++++ Provided information

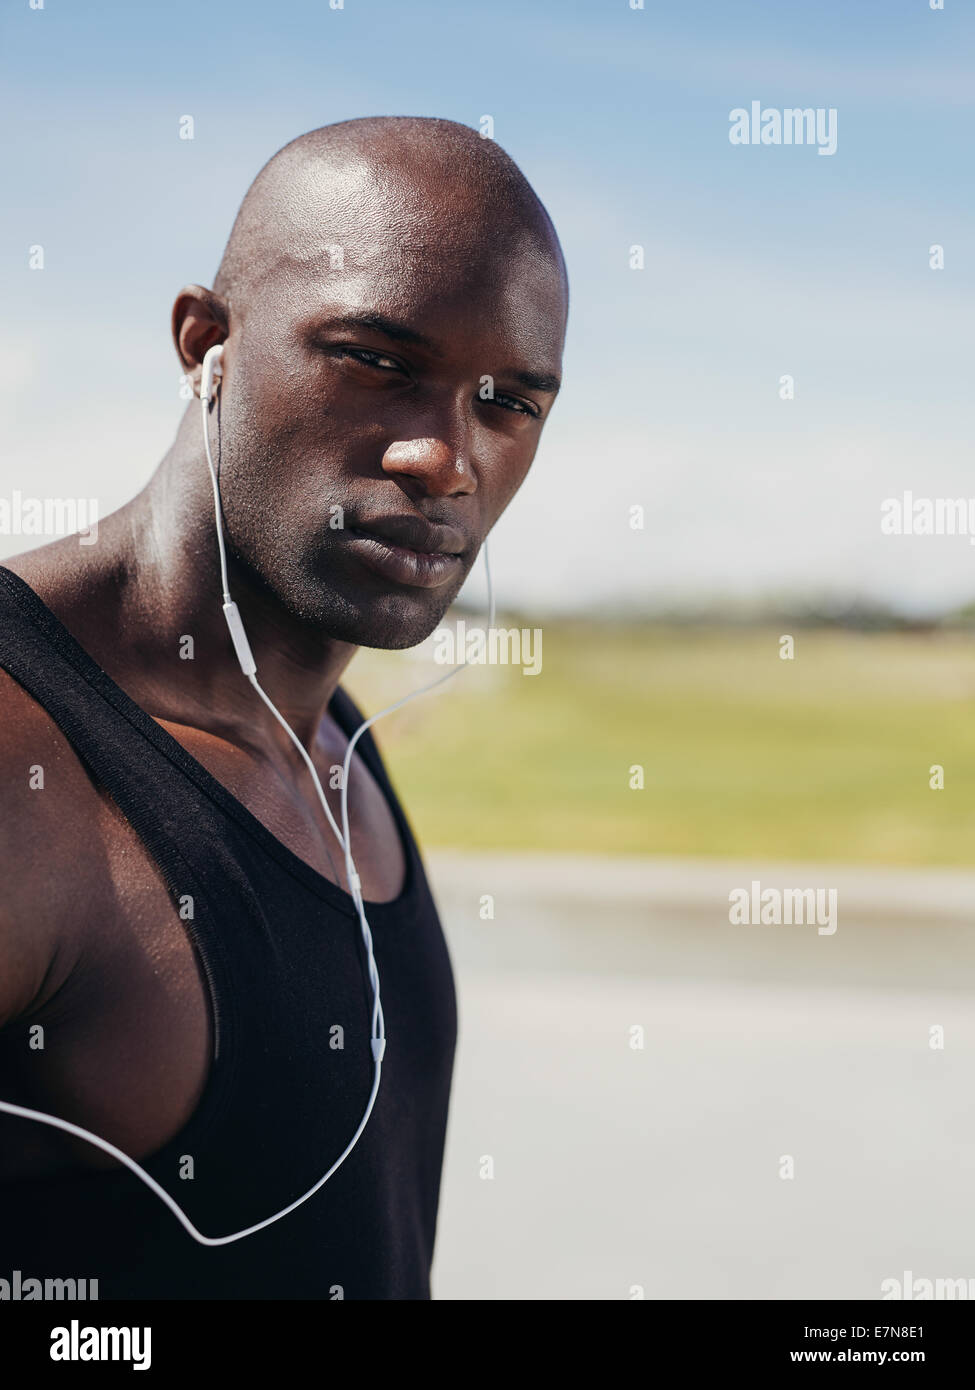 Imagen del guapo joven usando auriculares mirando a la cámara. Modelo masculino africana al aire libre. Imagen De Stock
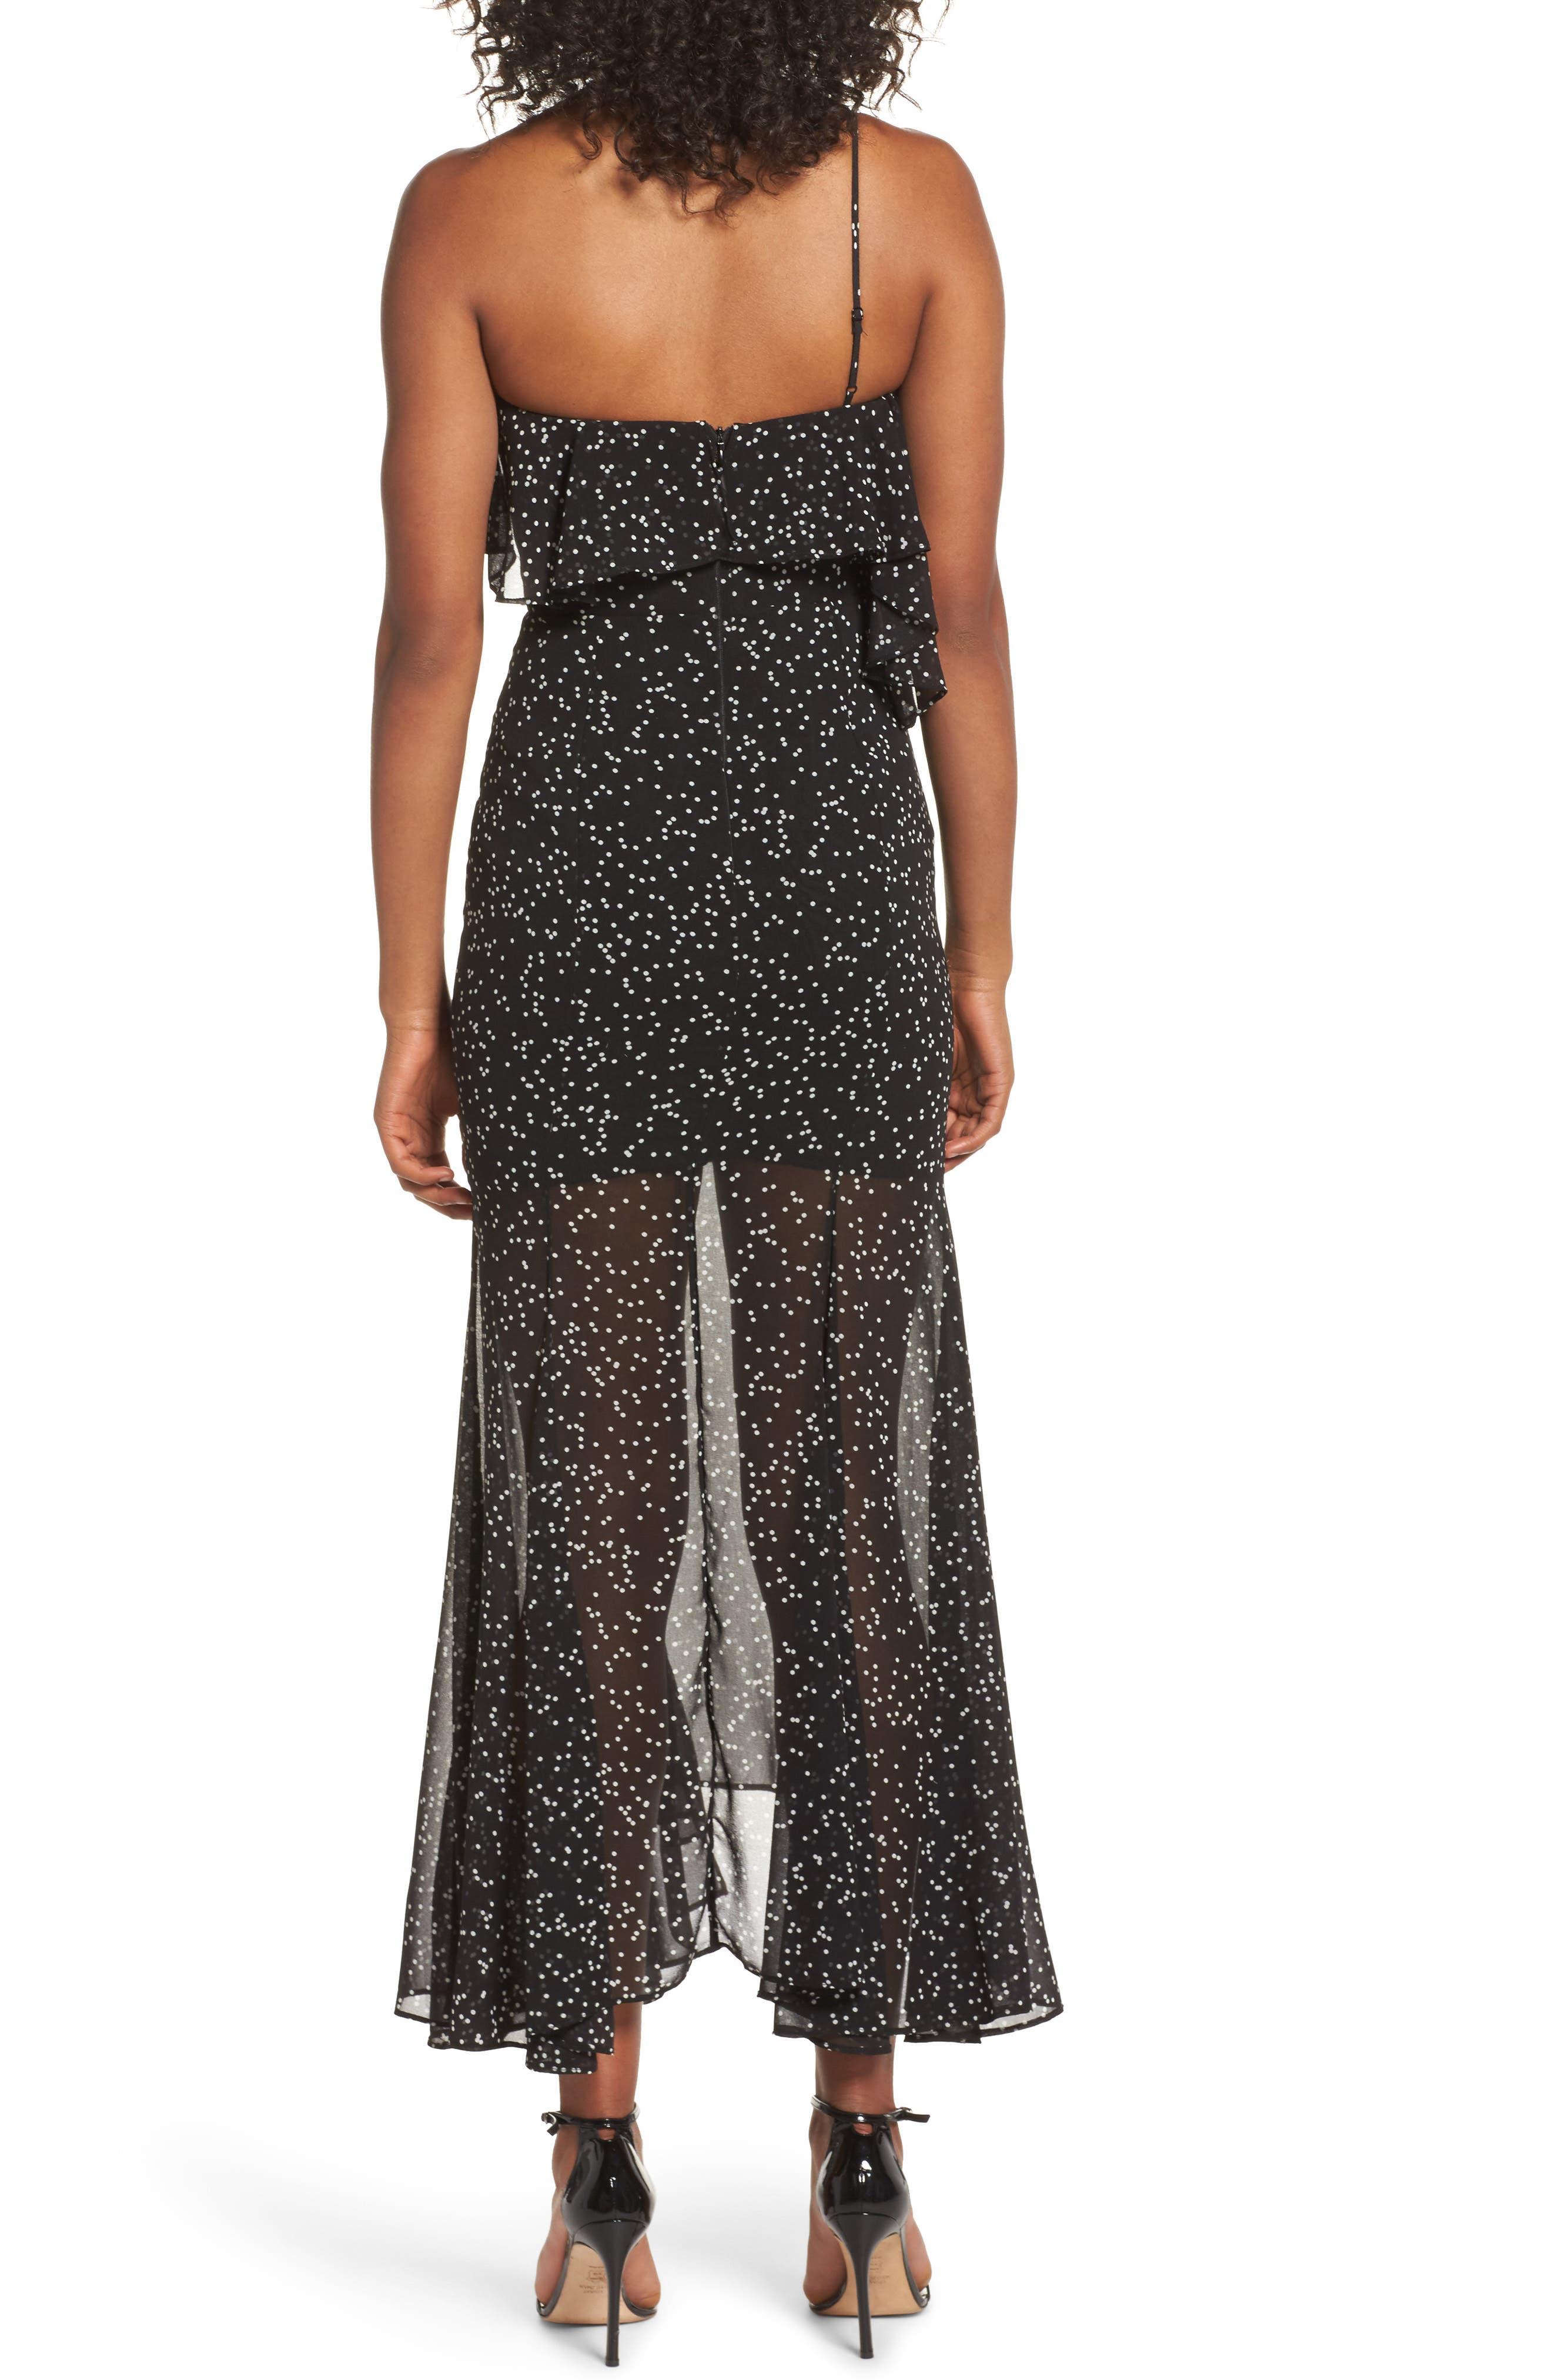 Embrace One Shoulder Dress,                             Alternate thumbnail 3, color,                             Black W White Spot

++++++++
++++ Provided information

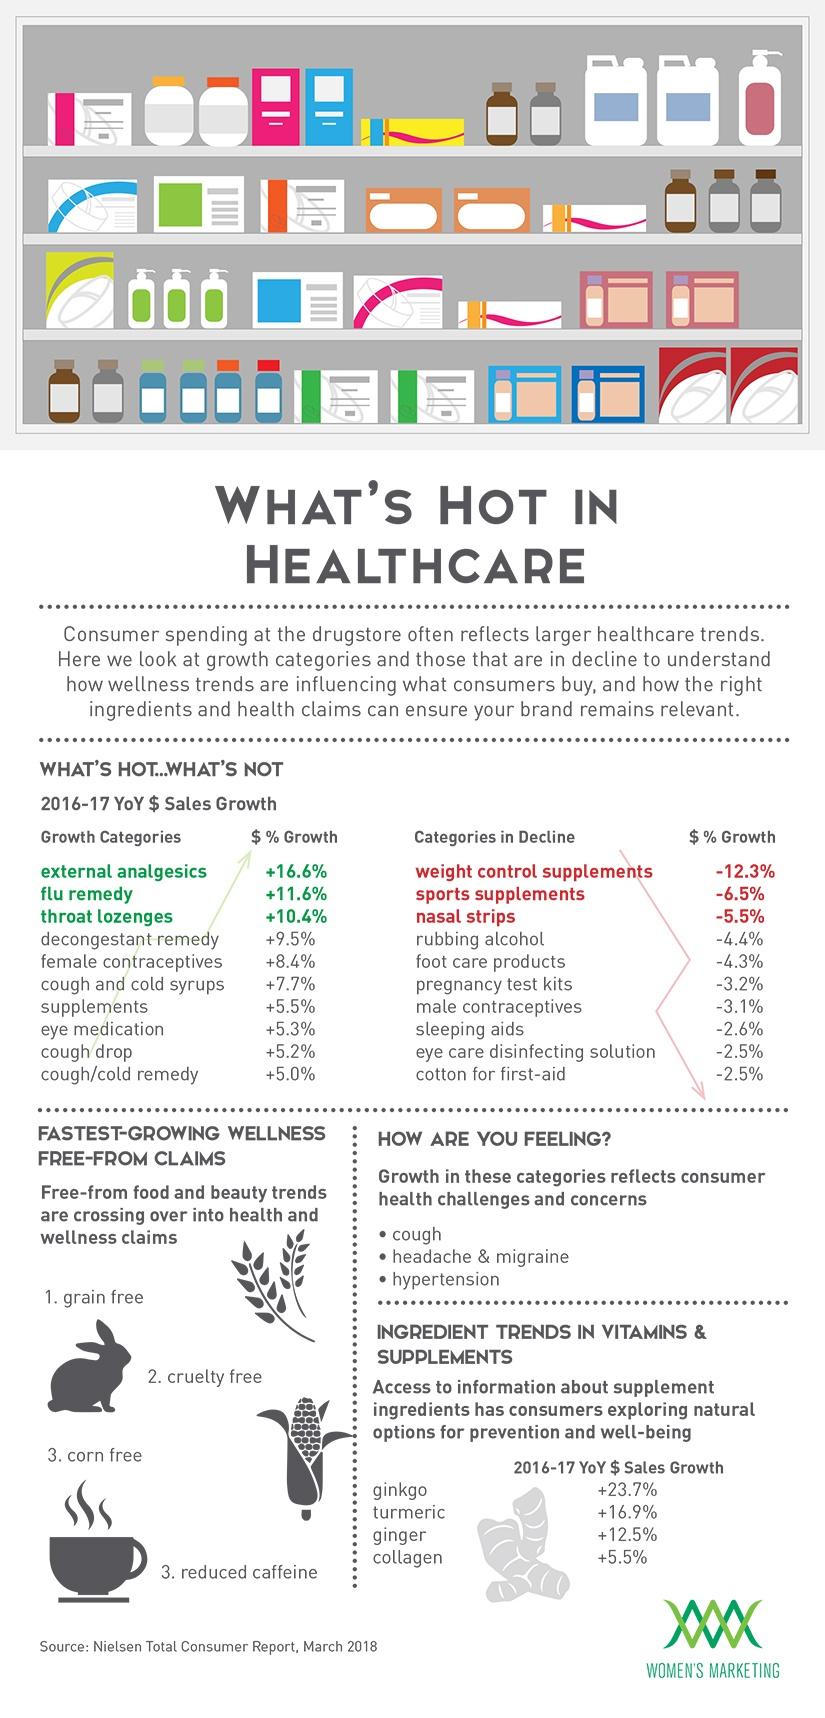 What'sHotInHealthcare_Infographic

++++++++

**About this task**
Output only the lines above from the line that holds "Imagen del guapo" through the line that holds "Embrace One Shoulder", both ends included, and exclude pictures.

**Output for this task**
 Imagen del guapo joven usando auriculares mirando a la cámara. Modelo masculino africana al aire libre. Imagen De Stock
 Embrace One Shoulder Dress,                             Alternate thumbnail 3, color,                             Black W White Spot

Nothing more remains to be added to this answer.